Mit Quantitative Reverse-Transkriptase-PCR Und Zelle-Kultur-Plaque-Proben Widerstand Von Toxoplasma Gondii Oozysten Zu Chemischen Sanitizers Zu Bestimmen

Journal of Microbiological Methods. Jun, 2010  |  Pubmed ID: 20385175

Toxoplasma Gondii Oozysten sind sehr widerstandsfähig gegen viele chemische Sanitizers. Methoden zur Bestimmung der Oozyste Infektiosität haben in erster Linie auf Maus, Huhn und katzenartige Bioassays verlassen. Obwohl Gold Standards, bieten sie nur eine qualitative Bewertung der Oozyste Lebensfähigkeit. In dieser Studie wurden zwei alternative Ansätze entwickelt, um tragfähige T. Gondii Oozysten nach Behandlung mit mehreren gemeinsamen Sanitizers Quantifizierung. Die erste ist eine quantitative Reverse Transkriptase Echtzeit-PCR (RT-qPCR) Assay gezielt die Gene ACT1 und SporoSAG um tragfähige T. Gondii Oozysten aufzulisten. RT-qPCR C(T) Werte zwischen Wescodyne(R), gesäuerte Ethanol oder wärmebehandelt Oozysten waren nicht signifikant im Vergleich zu unbehandelten Kontrollen. Behandlung mit Formalin oder Clorox(R) führte hingegen eine Verringerung 2-log(10) C(T) Werte. Ein in-vitro-T. Gondii Oozyste Plakette Assay (TOP-Assay) wurde auch entwickelt, um Oozyste Lebensfähigkeit zu messen. Diese Probe verwendet eine Kombination aus Perlen-Fräsen und Galle Verdauung, gefolgt von der Kultivierung der Excysted Sporozoites in einem konfluierende Fibroblast Zellen Monolage. Ergebnisse zeigten, dass keine signifikante Verringerung der Sporozoite Lebensfähigkeit in angesäuertem Äthanol festgestellt oder Wescodyne(R) behandelt Oozysten während mindestens einem 2-log(10) Rückgang der Plaketten gebildet mit Clorox(R) beobachtet wurde behandelt Oozysten.
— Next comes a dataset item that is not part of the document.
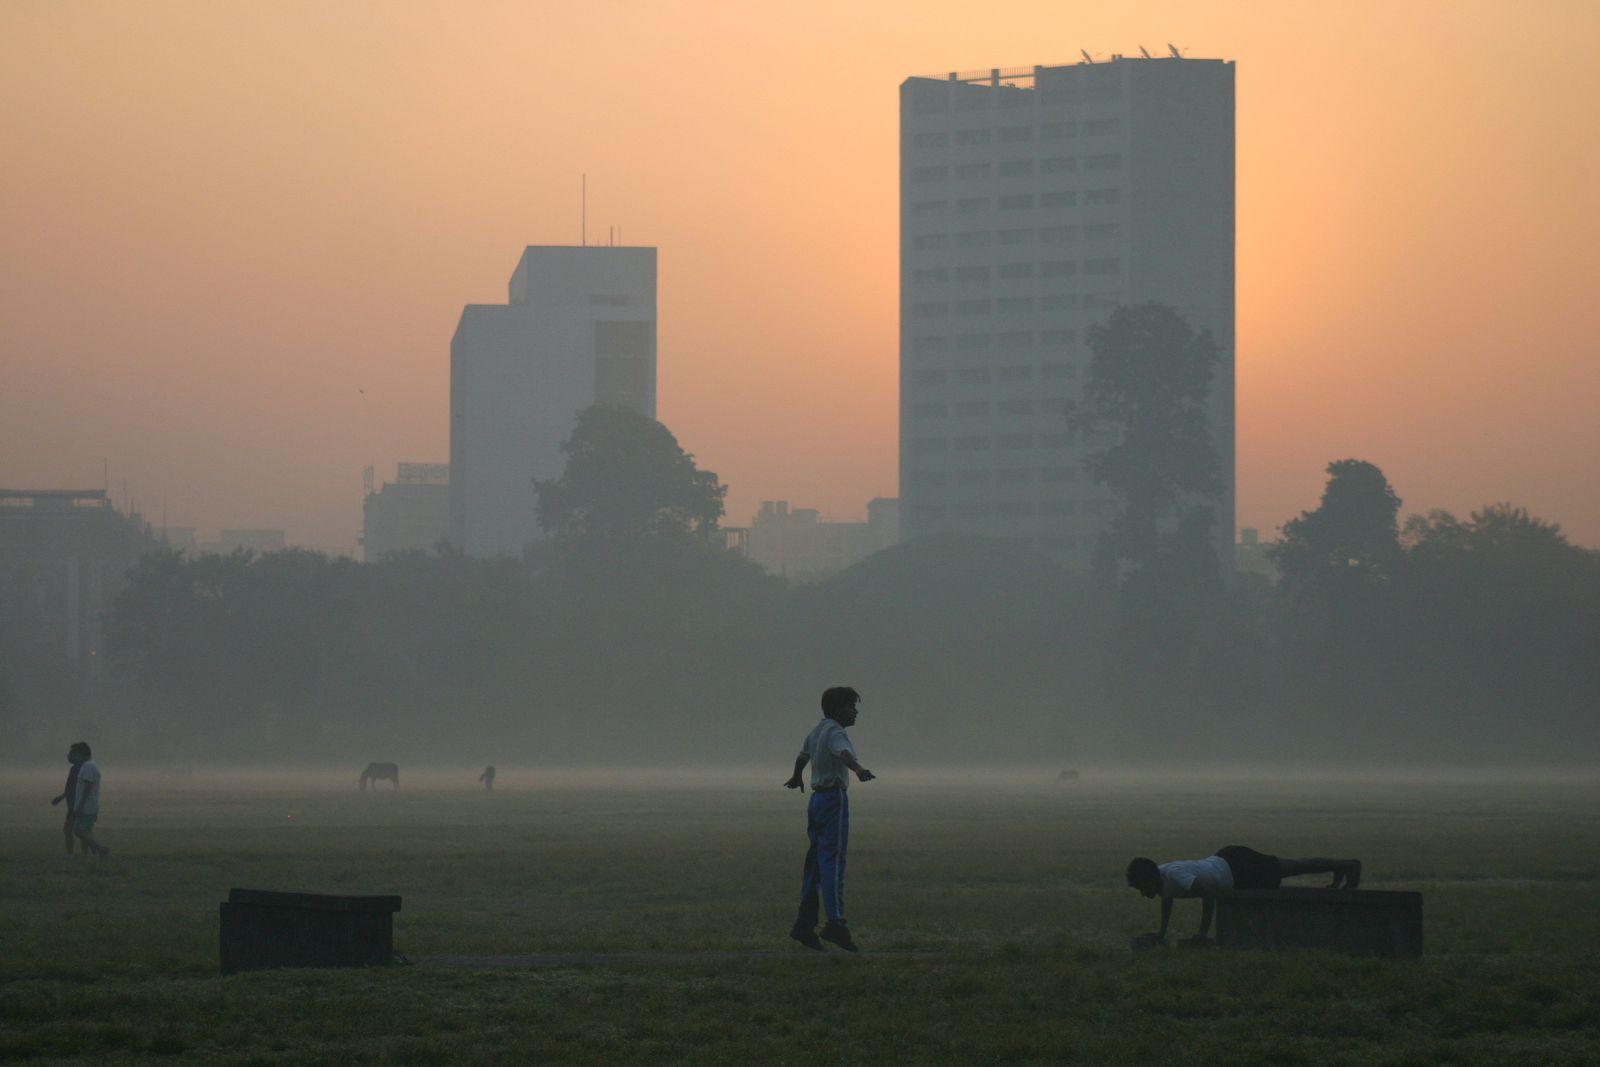 Indien / Luftverschutzung / Kalkutta

Darüber hinaus führte Formalin oder Wärmebehandlung von Oozysten in mindestens einem 5-log(10) Rückgang der Plaketten gebildet. Diese Studie zeigt, dass eine mRNA basierende PCR Entwicklungsfähigkeit-Probe ACT1 oder SporoSAG Gene targeting eine relativ rasche Technik im Vergleich zur in-vitro- und in-vivo-Tests. Darüber hinaus erwies sich der TOP-Assay, sehr effektiv und sensibler auf die Quantifizierung der Oozyste Rentabilität im Vergleich zu tierischen Bioassays.